#### Records supplied:

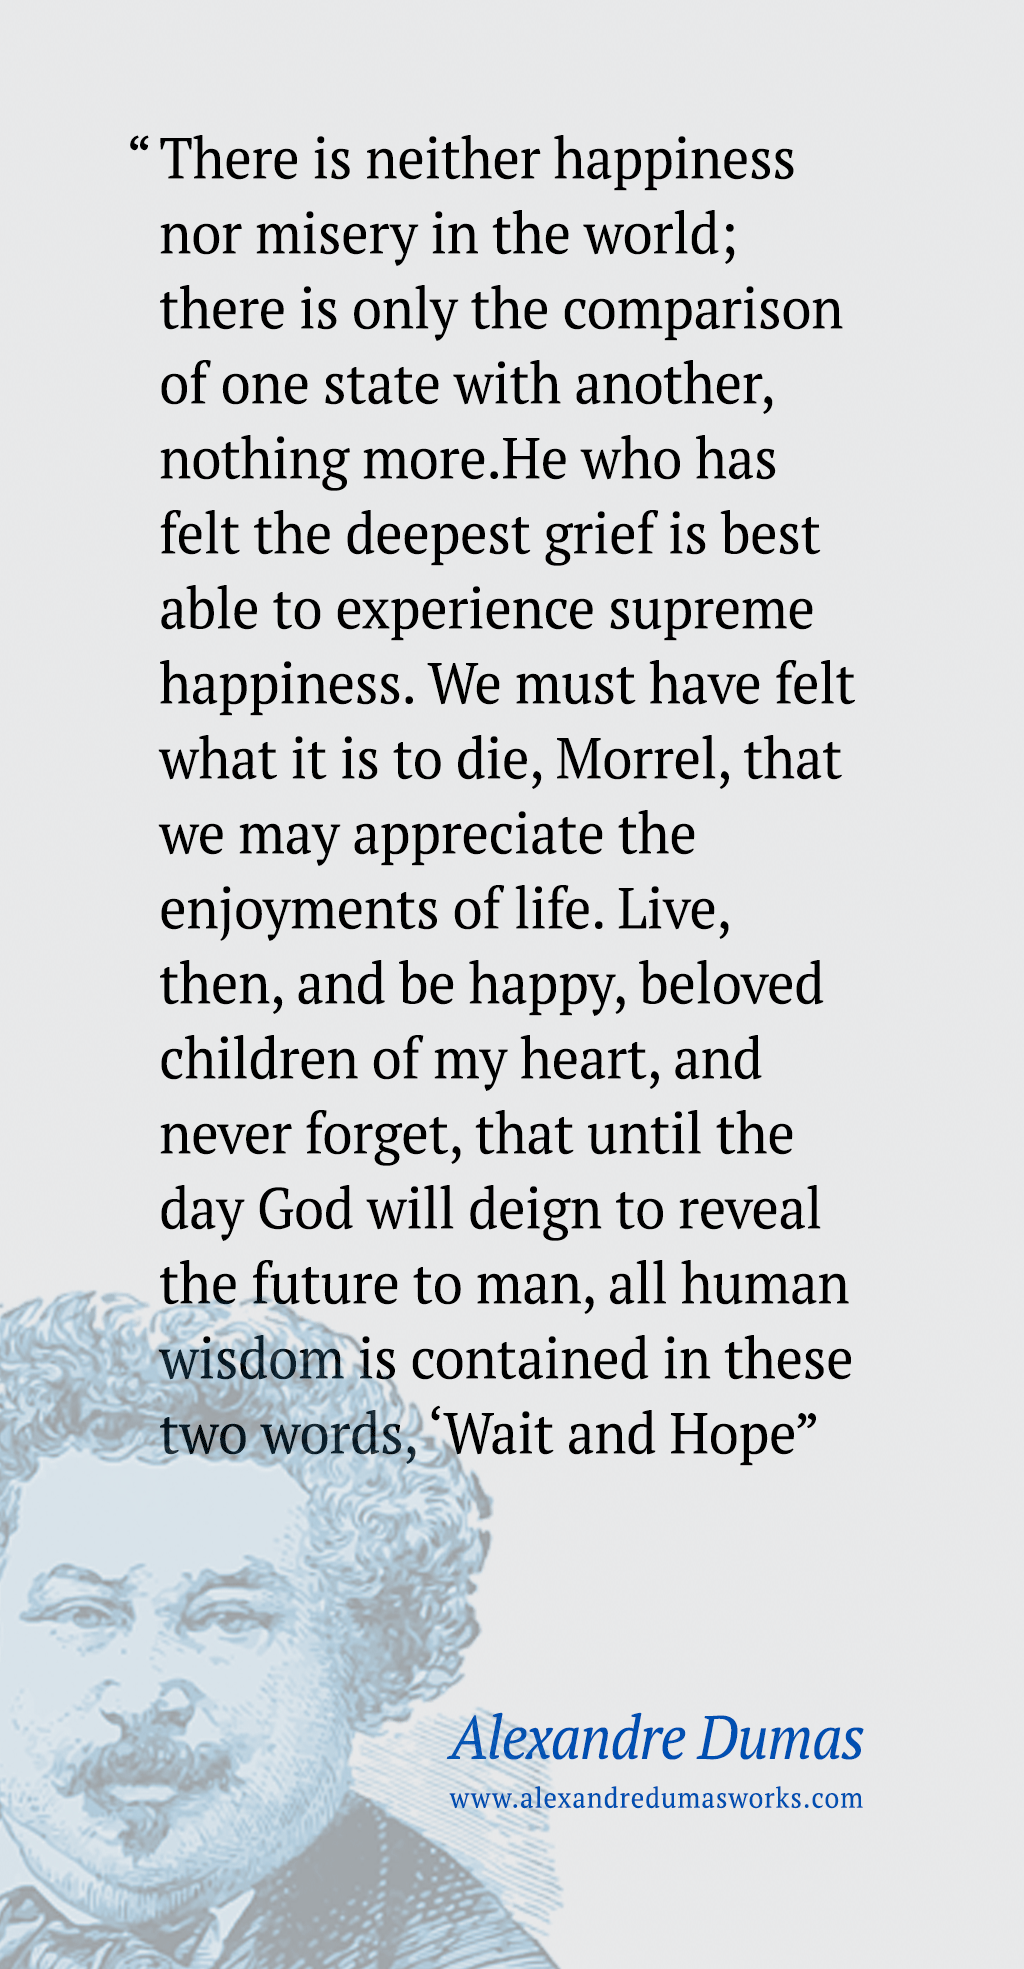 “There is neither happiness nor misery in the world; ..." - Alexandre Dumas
* * *
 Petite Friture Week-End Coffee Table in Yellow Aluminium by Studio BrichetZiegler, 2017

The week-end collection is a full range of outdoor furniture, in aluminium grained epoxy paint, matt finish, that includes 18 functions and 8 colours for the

#### Task statement:
Go through the listing above and write out exactly the lines starting with the one holding "Petite Friture Week-End" and running through the one holding "The week-end collection", ends included, and no others.

#### Exercise solution:
 Petite Friture Week-End Coffee Table in Yellow Aluminium by Studio BrichetZiegler, 2017

The week-end collection is a full range of outdoor furniture, in aluminium grained epoxy paint, matt finish, that includes 18 functions and 8 colours for the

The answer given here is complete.